One of the most interesting topics becoming broadly discussed in our industry is cyber security and how we need to be aware of potential risks and solutions. At this time, most agree that aircraft from ground operations to inflight management are well protected with robust systems and procedures, but the ongoing discussions and rising awareness suggest that continued system vigilance will be something business aviation must stay ahead of the curve on.
Tests have been conducted that show that without proper protection, commercial aircraft can be remotely hacked impacting safety as well as privacy and security of passengers using in flight technology. As that technology advances at an exponential rate, so must the vigilance of everyone working in the business of flight- private or commercial. The good news is that we are.

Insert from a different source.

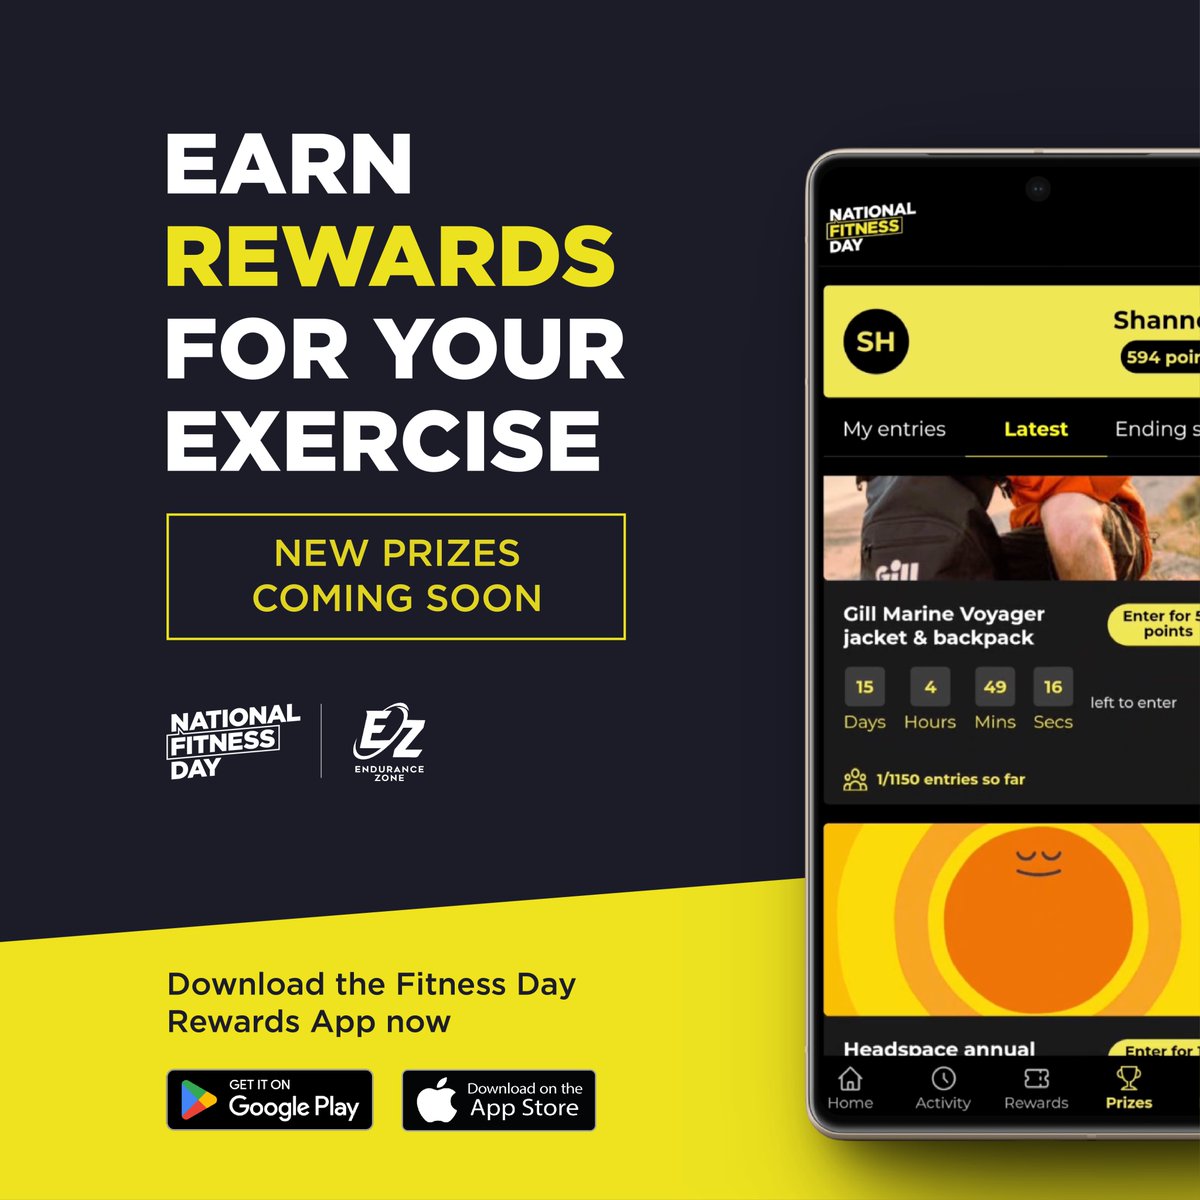 There are just over 5 weeks left of 2023, so now is the perfect time to start on your health and fitness! The Fitness Day Rewards app is the perfect motivator, rewarding you for being active, with new exclusive prizes coming soon. Download the app now 👇 endurancezone.com/national-fitne…

New, emerging companies and experts are building an entire industry around the issue to protect us by creating proactive solutions, steps and procedures.
For business aviation, there is possibly less of a cyber-attack threat than on commercial flights where hundreds of people are sitting in proximity to each other and the likelihood of an inflight hacker might be higher. In out case we usually have a small group of passengers who often know each other and are working or vacationing together. We need to remember though, that when it comes to simple things like in flight internet access, the privacy of passengers’ personal data may be similar to sitting at a local café offering WiFi. We don’t know who’s at the next table and what they’re doing on their own laptop or device. Recently at EBACE 18, we listened to some people speaking on the topic and are encouraged at the many solutions now available.
In addition to the technology itself and the experts who build these solutions, some say we should also look to solutions from a regulatory level. Perhaps our industry should explore regulatory intervention specific to this topic. For example, develop an aviation specific version of the European Economic Area’s Data Protection Directive. This will in turn help operators to address systems, agreements and co-operation throughout the supply chain. Regulation will help ensure consistency and quality of system protections for all.